Starting next month can't they just re-enter on a 9a?


----------



## Hey_Joe (Sep 13, 2016)

Shadowman said:


> Starting next month can't they just re-enter on a 9a?


As you know, restrictions are "constantly" changing. I just returned from the beach to go swimming, no swimming allowed until April 5 to prevent crowds during holy week and we're MGCQ.

I don't think anyone knows what the travel restrictions will be next month. If you have an official source for that then kindly post it. These are the current arrival restrictions until April 21, 2021.

IATF Resolution 105
SOURCE: https://www.officialgazette.gov.ph/downloads/2021/03mar/20210325-IATF-105-RRD.pdf


















SOURCE: Bureau of Immigration, Republic of the Philippines


----------



## Shadowman (Apr 20, 2020)

Hey_Joe said:


> SOURCE: Bureau of Immigration, Republic of the Philippines


That's new, they added a requirement for foreign parent; they can only enter if traveling with a Filipino spouse. Yeah we'll see next, I except at least that one to change.


----------



## Gary D (Oct 28, 2013)

Shadowman said:


> That's new, they added a requirement for foreign parent; they can only enter if traveling with a Filipino spouse. Yeah we'll see next, I except at least that one to change.

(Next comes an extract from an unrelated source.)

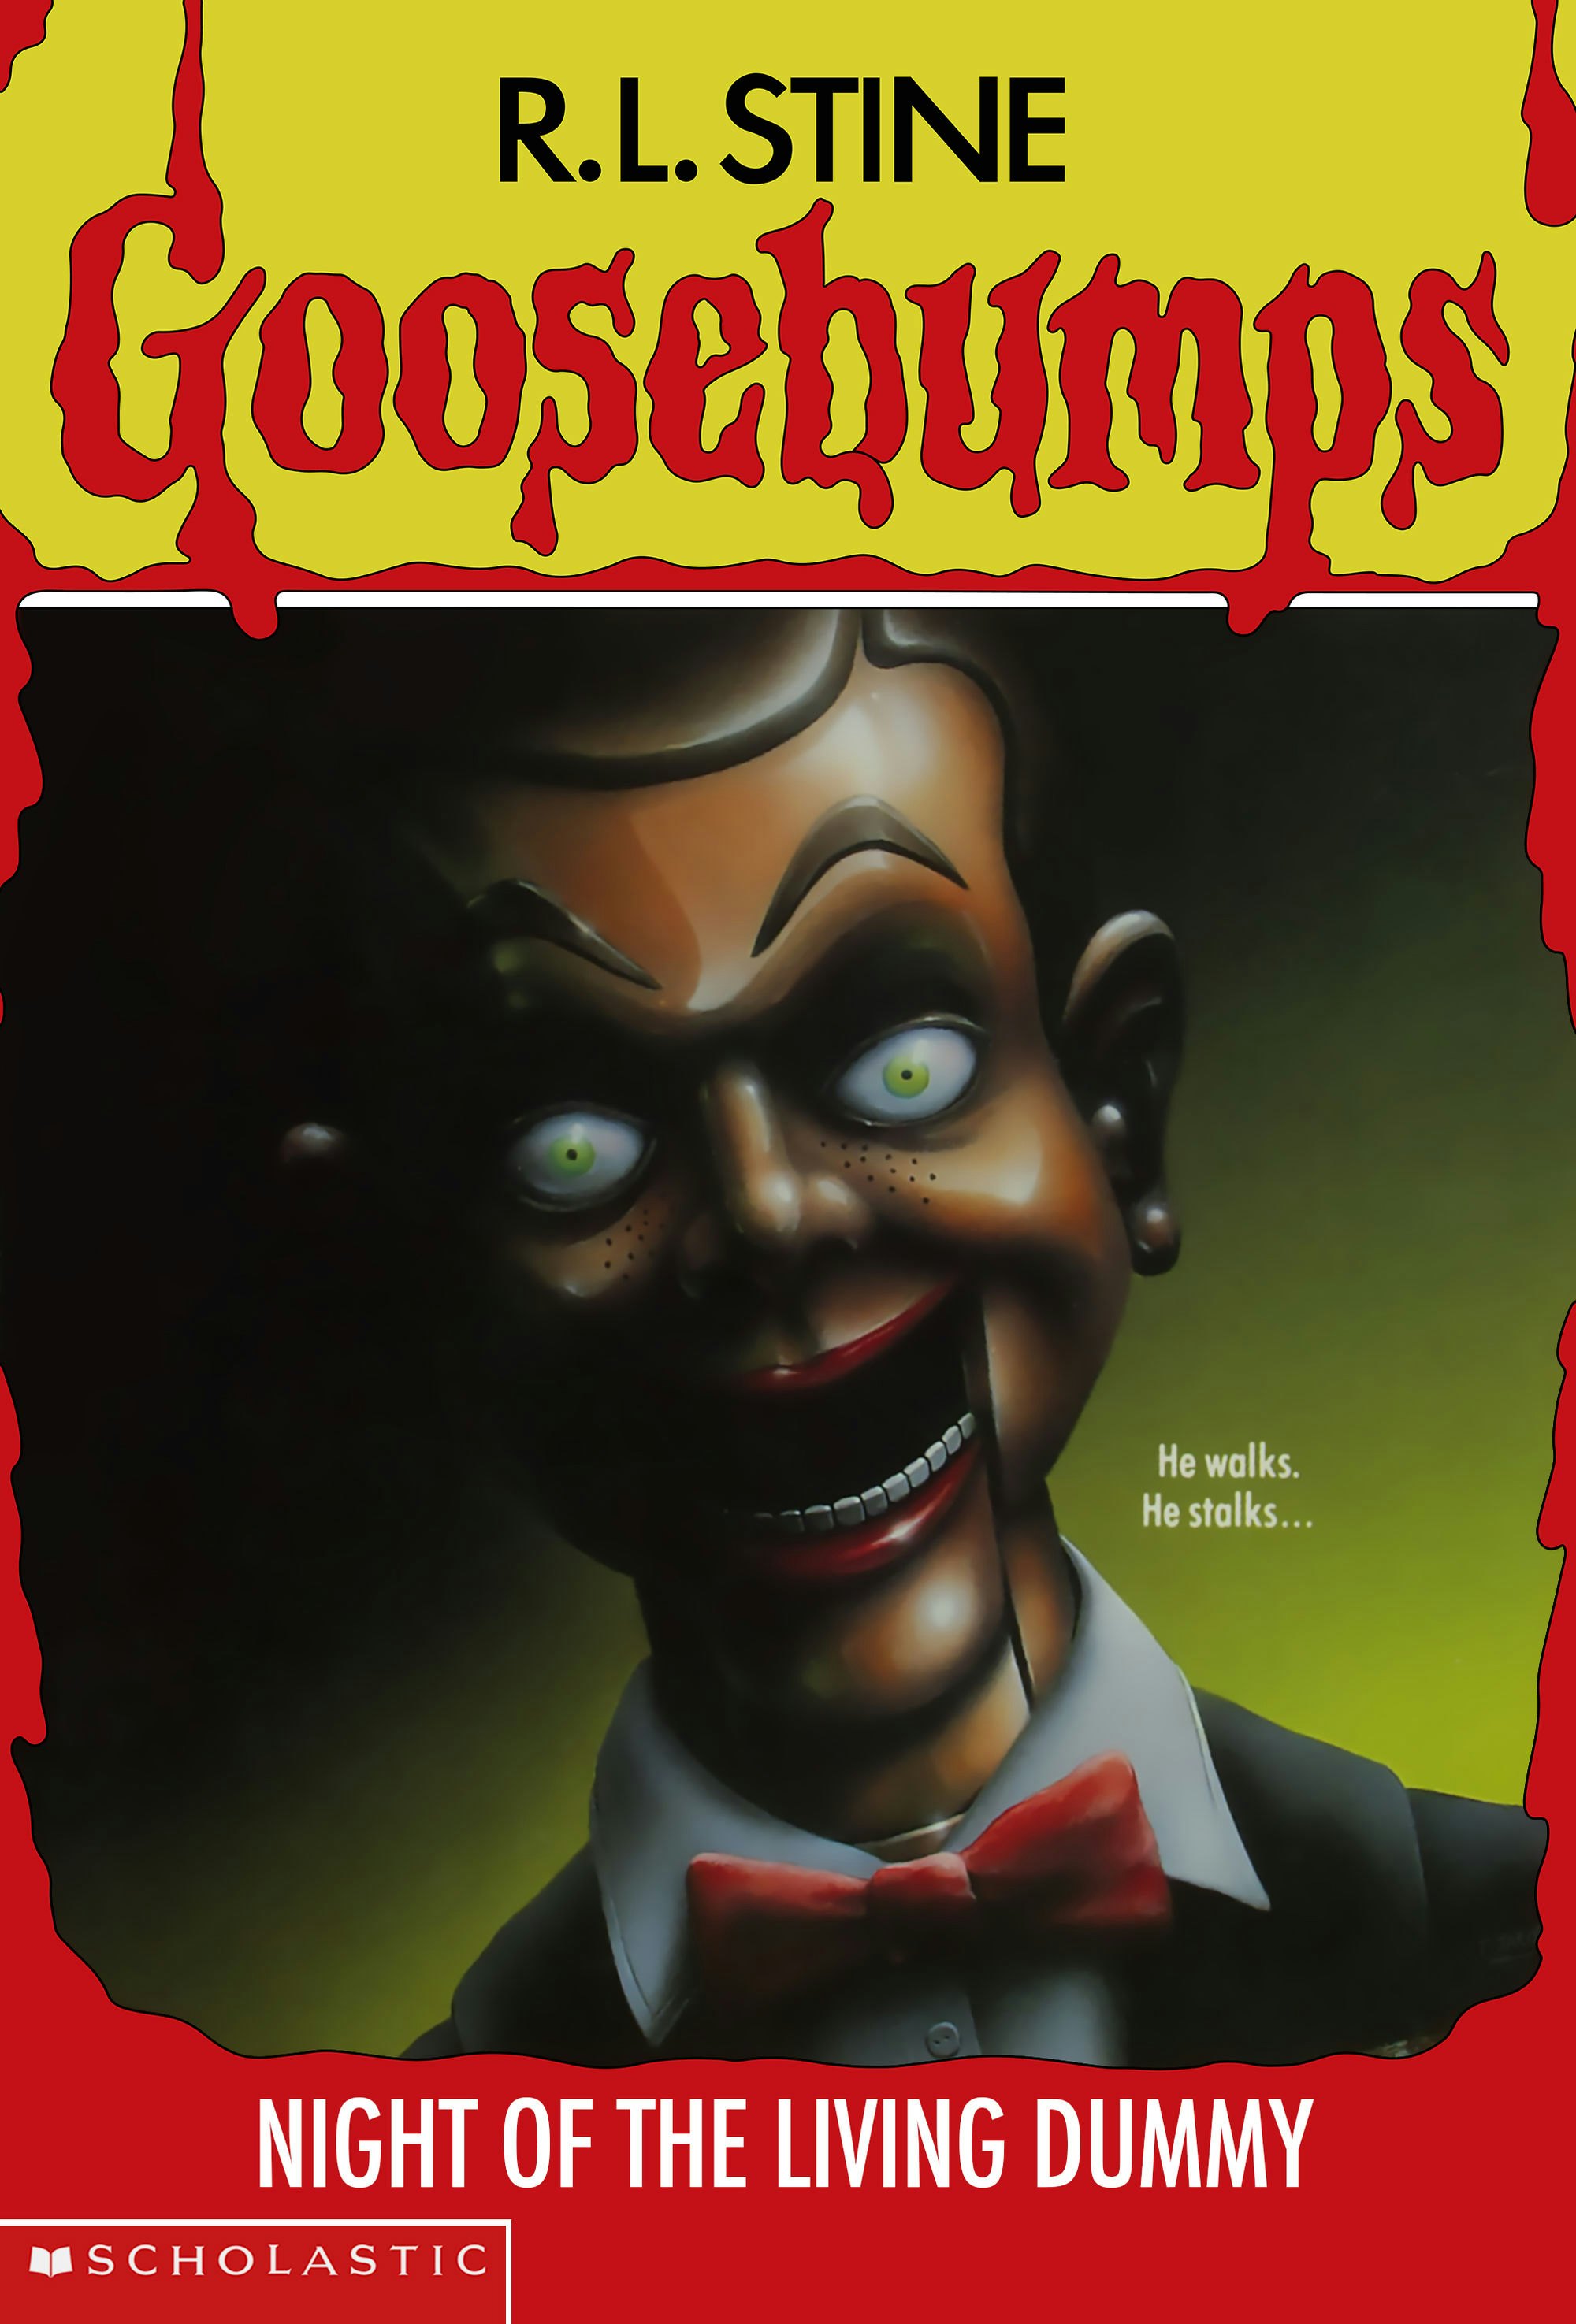 goosebumps ventriloquist book
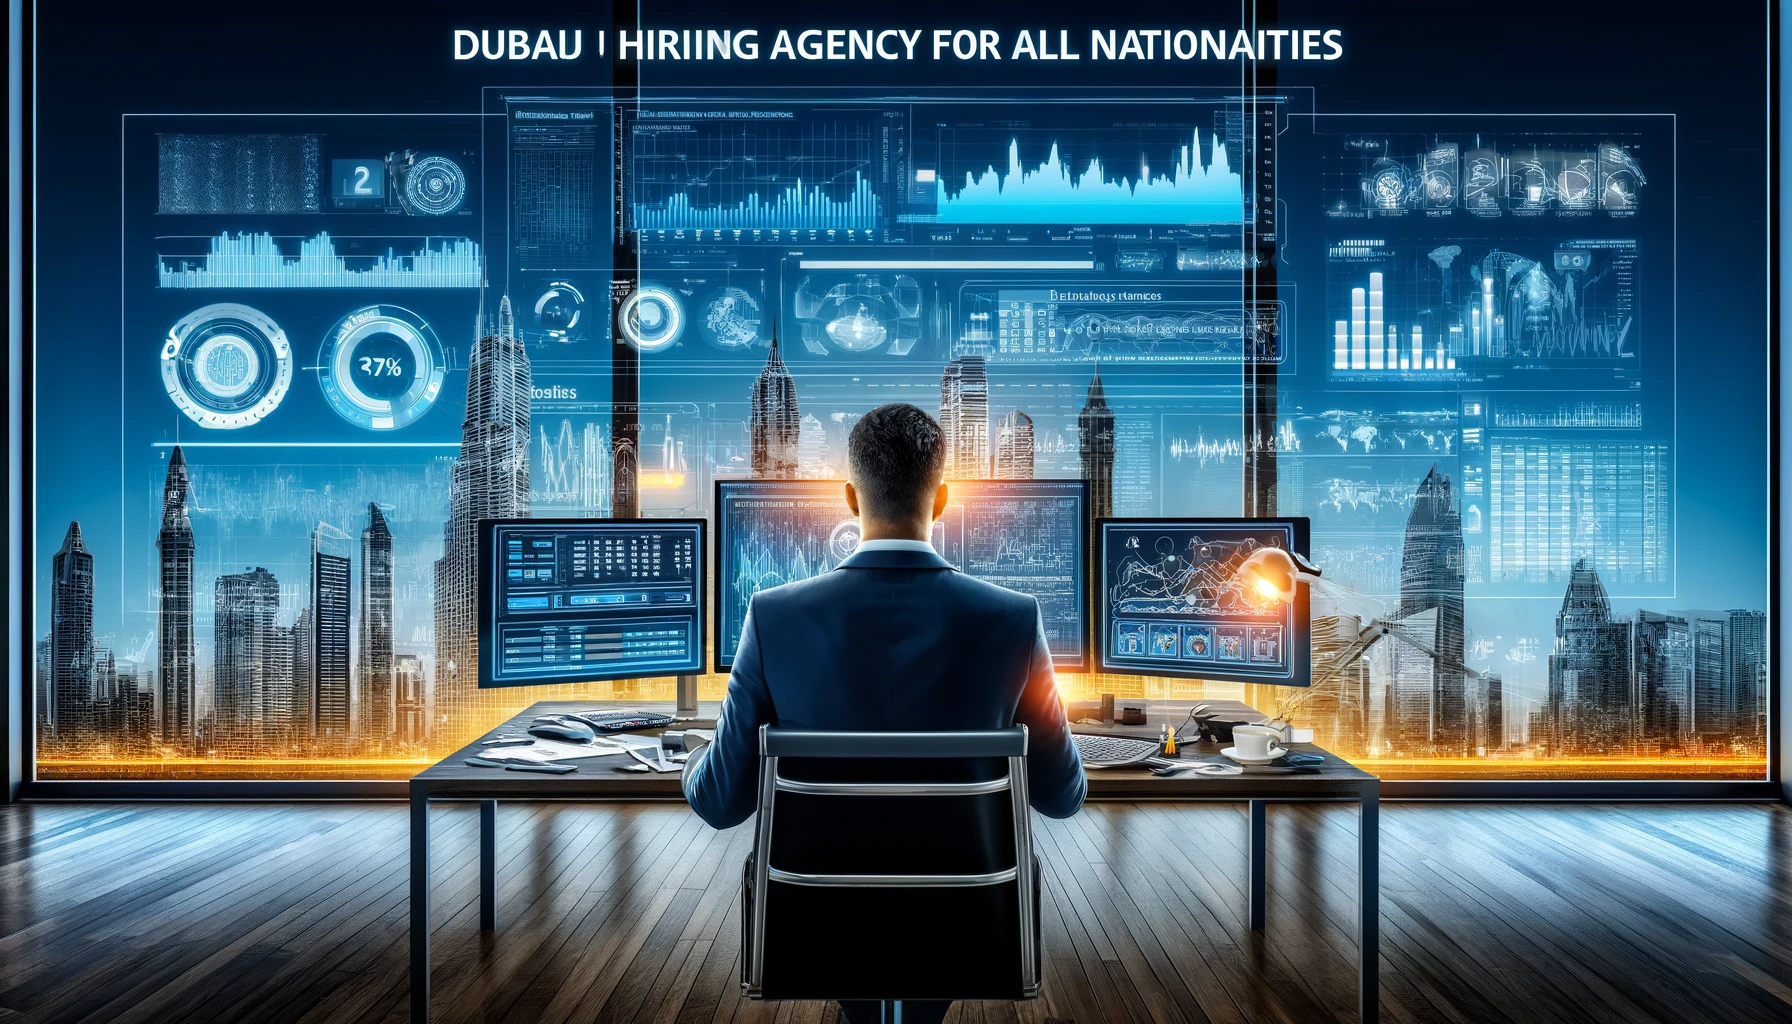 Dubai hiring agency for all nationalities

It's changed something like four times since just before Christmas so any forward planning is very difficult.


----------



## Scott Bowman (Mar 29, 2021)

M.C.A. said:


> Welcome to the forum Scott, I married and then I had to return to the US for a couple years so I worked all my Immigration paper work through the mail system, phone calls and messages I'm from North Dakota and so we have to use the Chicago Philippine Consulate Chicago Consulate down load forms I had everything done in two months, it would have been quicker if I lived near Chicago and they had questions about my health I needed a Doctor to address but still all completed through the mail system in under 2 months.
> 
> If you get this accomplished stateside you come her as a Permanent Resident and you have your 13a Visa stamped into your US Passport the only thing needed next is the ACR card and that's an all day event but if you do it from here the first year is known as a Probationary period and then after that you apply for your Permanent Resident or 13a so if done here it takes a couple years so if you have to travel long distances to get to an office that can process all this it becomes somewhat stressful and expensive. But if you're going to be living in Manila it won't be to bad and you could go that route.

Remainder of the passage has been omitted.